The Germans have always maintained that the former FA chairman, Sir Bert Millichip - a close personal friend of the president of the German FA, Egidius Braun - told the Germans that they should have the tournament. He also allegedly said that England would support Germany for 2006 in return for Germany supporting an English Euro 96. Most Uefa countries think of this "gentlemen's agreement" as fact and will support Germany's 2006 bid, not England's.

In his book, Sweet FA, Kelly is at pains to stress, several times, that Sir Bert never once told him of such a deal and writes: "I don't think he made any commitment which should have bound the FA in any way at all." But Kelly also writes: "It has to be said that whenever we talked about the World Cup bid in front of him, Sir Bert was a little uneasy."

Enough of this uncertainty, thought The Sweeper. We'll ask Sir Bert himself to confirm once and for all whether he ever made any promises to the Germans about the World Cup. What could be simpler than saying either "Yes, I told my old mates in Frankfurt that we'd step aside for them" or "No, I can say with complete confidence that no such deal was ever done and the current English bid is therefore not stained with dishonour and shame"?

"Sir Bert," The Sweeper asked this week (thank you, German FA, by the way, for providing his phone number), "can you clarify the situation about 2006, please?"

"No I can't, I'm sorry," Sir Bert said, obviously not keen to discuss it. "When I clarify it, I shall clarify it to the FA." With that he hung up, leaving the issue no more resolved than the day that he struck (or did not strike, depending on who you believe) the gentlemen's agreement. When the FA hears from Sir Bert, we're sure they'll let us know.
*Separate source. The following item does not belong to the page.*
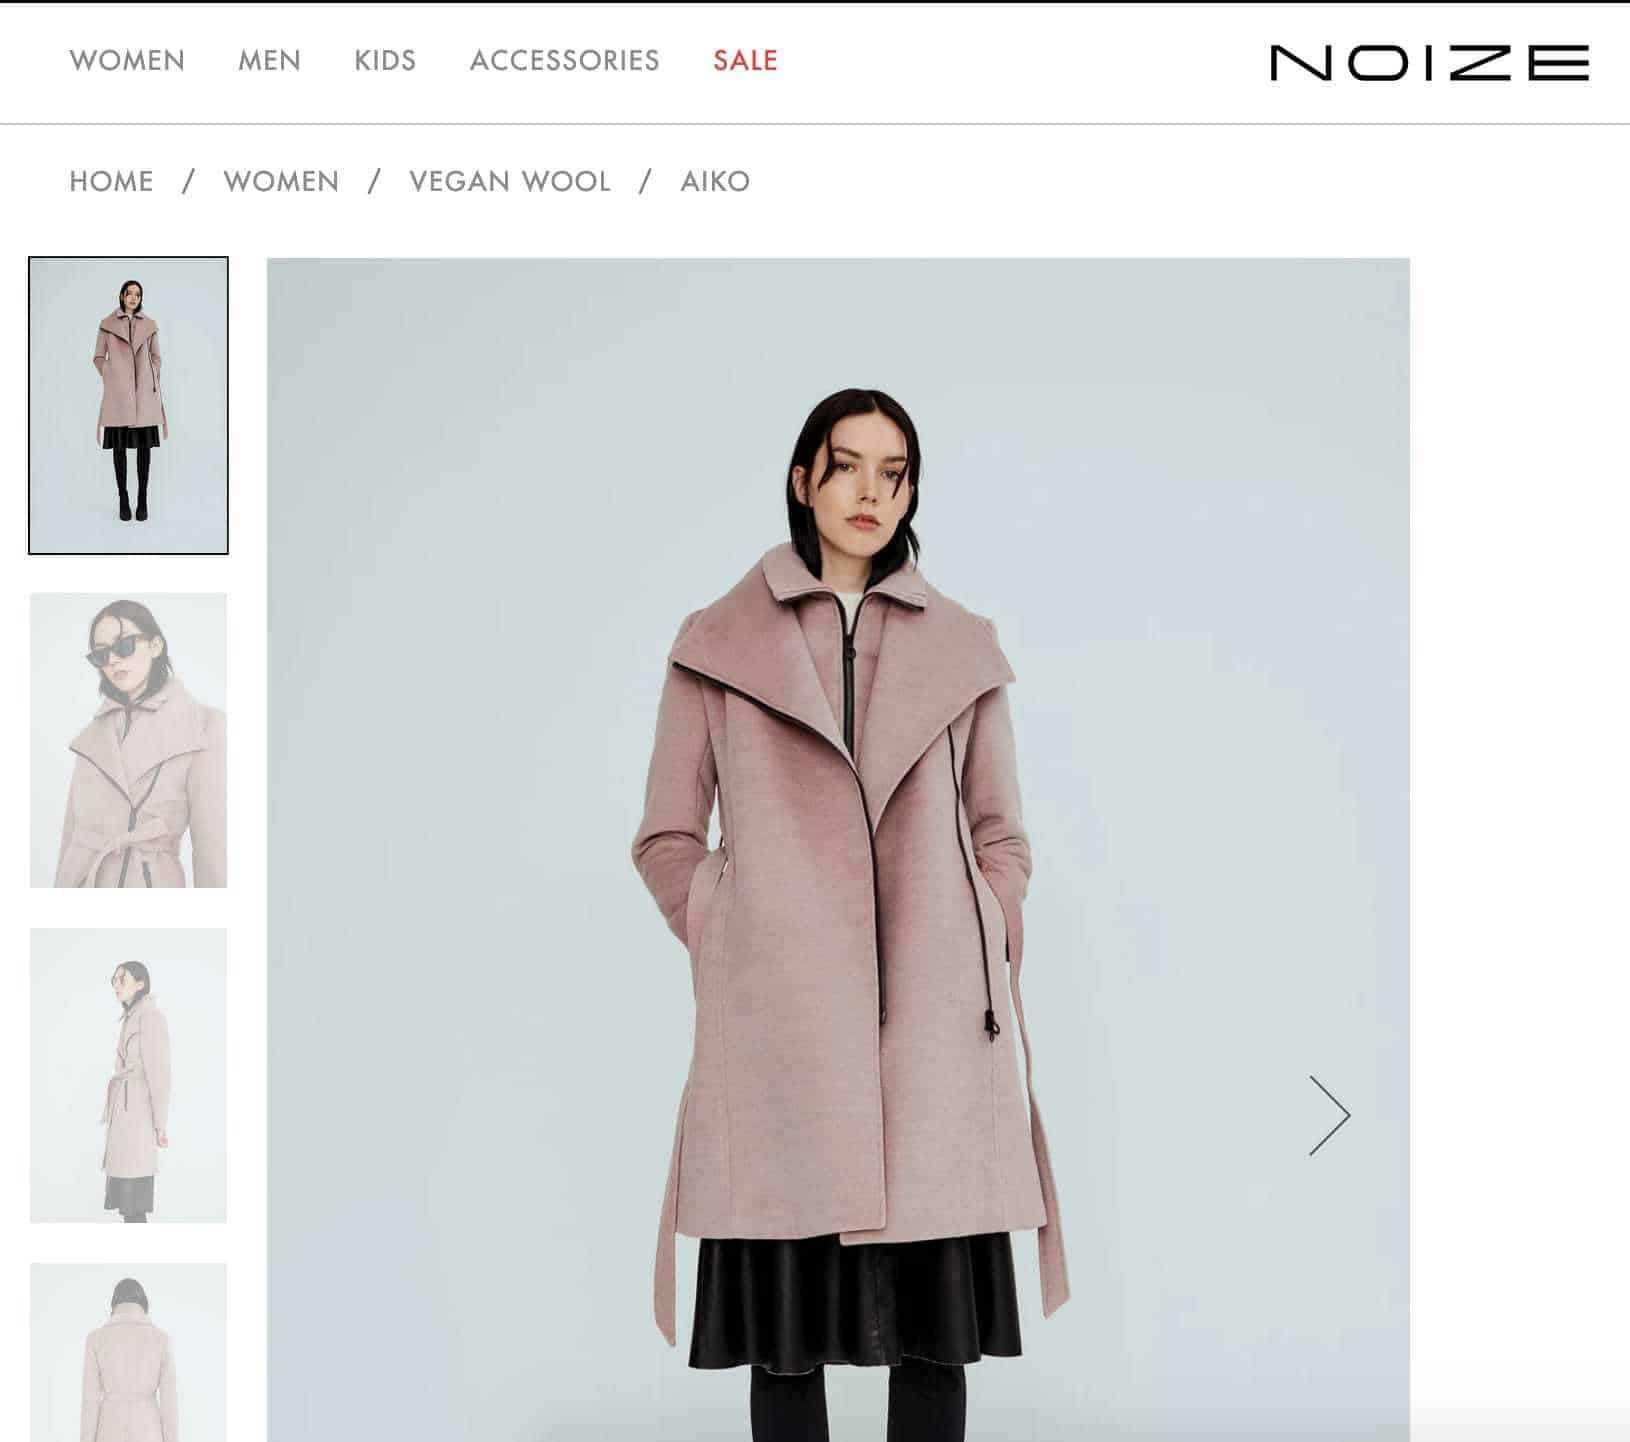 Girl wearing long, pink coat, unbelted

KELLY TELLS some amusing yarns in Sweet FA, including one about the 1995 FA Cup final, when Prince Charles tried to give the FA Cup to the losing captain, Steve Bruce of Manchester United, instead of Everton's Dave Watson. "Bruce led his team up first as the losers and the Prince of Wales immediately reached out for the trophy to give to the losing captain, despite the blue and white ribbons and the instructions on the procedure given to him beforehand," Kelly writes. "For a moment we wrestled with the famous trophy - as I held firmly on to the top of the Cup to stop him giving it to Bruce - before he realised what I was about."

The tale continues: "Last up the stairs was successful Everton manager Joe Royle and when the Prince congratulated him, Joe could not resist telling him that he was a member of his family but the Prince, not having the vaguest clue who he was, totally ignored the comment Joe passed. I could not help but remark that it was another one which had been totally wasted."

IN AN article in the new Chelsea magazine there is talk of "cutting- edge flair", "infectious success", "the spirit of adventure", "iridescent twists and slubs" (whatever slubs are), "neat dimensional weaves" and "an undercurrent of revolution". The piece also says "the shock of the new has restored the style of the old". Not that any of this has anything to do with Gianluca Vialli or his players of course. The phrases appear in a Christian Dior advert. Very cred in the Shed, apparently.

THE MANAGERS of the Premier League Hall of Fame have created a hazardous situation in the gents at County Hall, London, where the exhibition is located. It would be all too easy to relieve yourself in one of the wall- length metal troughs - as found at football grounds - before realising that some of the troughs are slightly shallower than others. And have taps.

HISTORY WILL be made tomorrow when Shrewsbury's Third Division match at Cheltenham is shown live on Sky TV. Shrewsbury are the only team of the current 92 English professional league sides never to have had a game screened live on television. At the end of last season, there were two sides still waiting for the cameras to call, but relegated Scarborough have since been struck off the "must visit" list.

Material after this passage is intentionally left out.